Servatron to move this spring

Manufacturer to occupy part of former Itronix site
By The Spokesman-Review
 

After a sluggish 2010 and 2011, Spokane Valley contract manufacturing firm Servatron Inc. hopes to boost annual sales to the $30 million mark, in part by moving to a newer building this spring.

The company will move into about 50,000 square feet of the former Itronix building at 12825 E. Mirabeau Parkway. It’s been at its current site, near the Spokane Business & Industrial Park, since 2000 when it was spun out of Itron as a specialty contract manufacturer.

Company President Tod Byers said that privately held Servatron hasn’t had a loss during its 12 years in business. But its current building — roughly the same size as the Mirabeau facility — has fewer advantages than the new site, Byers said.

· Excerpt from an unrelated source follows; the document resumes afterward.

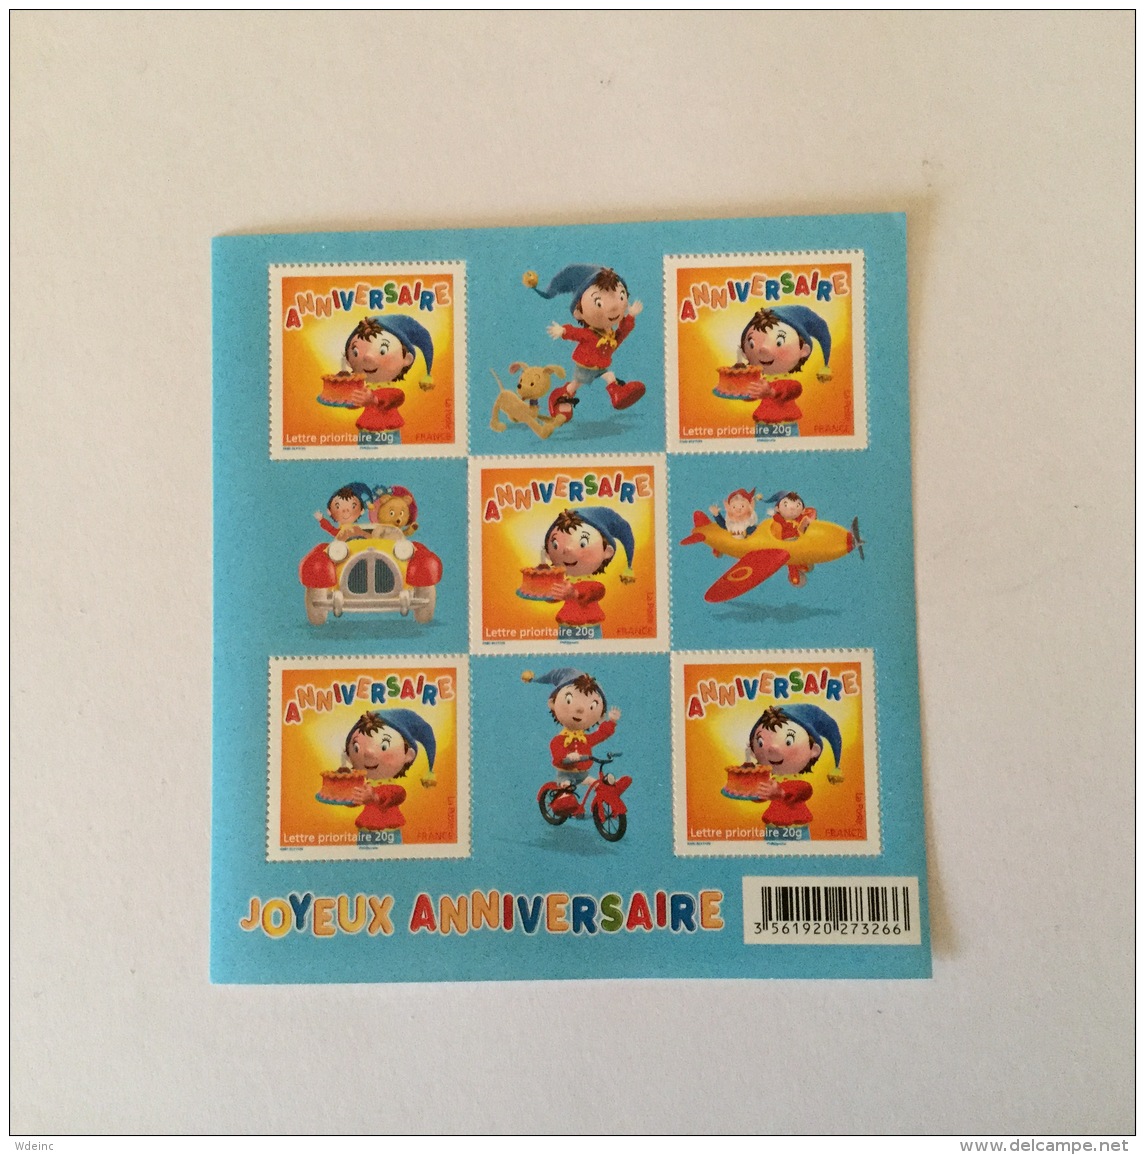 FRANCE 2008 Timbre Pour Anniversaires Oui-Oui (Noddy) Feuillet-M/S Superbe Neuf/MUH YV F4183 - Neufs

“The new location just shows better,” Byers said. Winning new contracts depends in part on good impressions when prospective customers make visits to Spokane. Itronix, which made rugged computers, occupied the building from 2005 to 2009.

Servatron expects to move in by the end of March.

Servatron’s headcount is about 190, down some from 230 in the peak years in 2007 and 2008.

Even so, Servatron ended the year with a record level of backlogged orders, Byers noted.

“We’ve hired probably 40 people in the past four months,” he said.

General Dynamics bought Itronix in late 2005 and closed the Mirabeau Parkway facility in 2009, moving some of that work to Florida. It still holds a lease on the building.

Byers said the search for the right building took two years. The deal for the Mirabeau building resulted from efforts by NAI Black broker Chris Bell.

Two other tenants use the remaining 50,000 square feet of space in the Mirabeau building: Jigsaw, which moved to Spokane Valley from Post Falls last year, and Avista Corp., Bell said.

Some of Servatron’s recent spurt in orders comes from contracts with Seattle and Portland companies mostly making industrial electronic components.

Servatron lands those jobs due to its reputation for handling technically complex products, Byers said.

It also has a legacy of fulfilling orders for wireless or radio components. That’s helped Servatron open the door to a growing list of military contracts.

Servatron still makes handheld receivers for Itron, its first customer. Servatron also has a contract with General Dynamics, providing repair services.

Service work now accounts for 20 percent of total revenue. “That’s another area we’re hoping to grow,” Byers added.